The following example is adapted from the reshape2 paper in the Journal of Statistical Software.
library(reshape2)
## Attaching package: 'reshape2'
## The following object(s) are masked from 'package:reshape':
##
## colsplit, melt, recast
# this data is not in a good plotting or linear modelling format
head(french_fries)
## time treatment subject rep potato buttery grassy rancid painty
## 61 1 1 3 1 2.9 0.0 0.0 0.0 5.5
## 25 1 1 3 2 14.0 0.0 0.0 1.1 0.0
## 62 1 1 10 1 11.0 6.4 0.0 0.0 0.0
## 26 1 1 10 2 9.9 5.9 2.9 2.2 0.0
## 63 1 1 15 1 1.2 0.1 0.0 1.1 5.1
## 27 1 1 15 2 8.8 3.0 3.6 1.5 2.3
# columns 1 to 4 will stay the same bu tbe repeated 5 times 5 being the
# number of value columns that will be squished or melted into a single
# column
melted_fries <- melt(french_fries, id = 1:4, na.rm = TRUE, value.name = "desirability")
head(melted_fries)
## time treatment subject rep variable value
## 1 1 1 3 1 potato 2.9
## 2 1 1 3 2 potato 14.0
## 3 1 1 10 1 potato 11.0
## 4 1 1 10 2 potato 9.9
## 5 1 1 15 1 potato 1.2
## 6 1 1 15 2 potato 8.8
# a fussy fussy plot but you get the point
qplot(variable, desirability, data = melted_fries, facets = time ~
treatment, geom = "boxplot")
## Error: object 'desirability' not found
We have ended this tutorial starting to talk about model formulae whilst we earlier mentioned linear models and the lm function in the context of object orientation.
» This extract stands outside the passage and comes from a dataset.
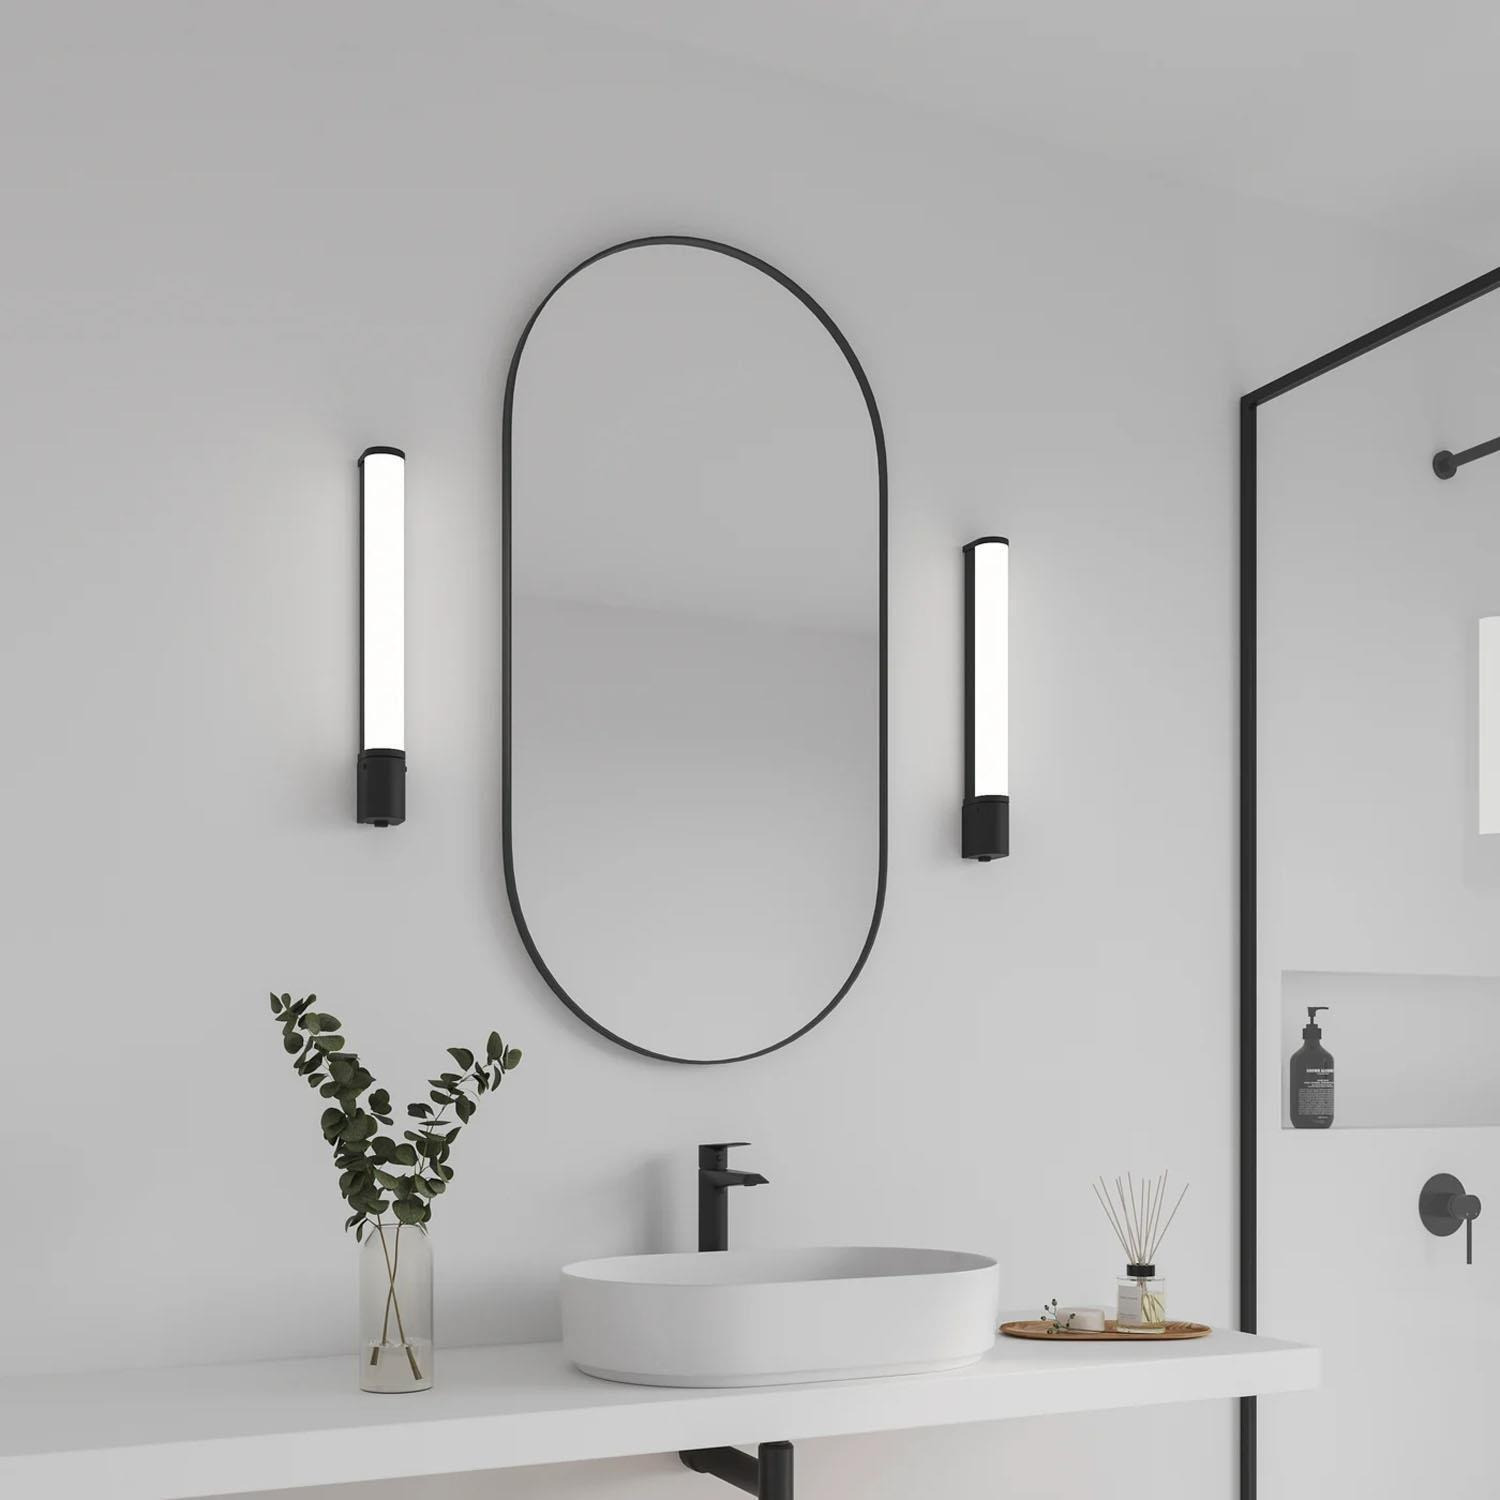 Malaika 49 Indoor Bathroom Wall Light in Black (Height) 7cm - image 1

In the next tutorial we will return to the lm command both because it is both a really powerful function in itself but also because most of the other statistical methods for R closely follow the same syntax and downstream. So if you know lm then you know glm (generalised linear models), you know 'nls' (nonlinear least squares), or even nlme (non linear mixed effects). Or at least you know how to do it if not what it is.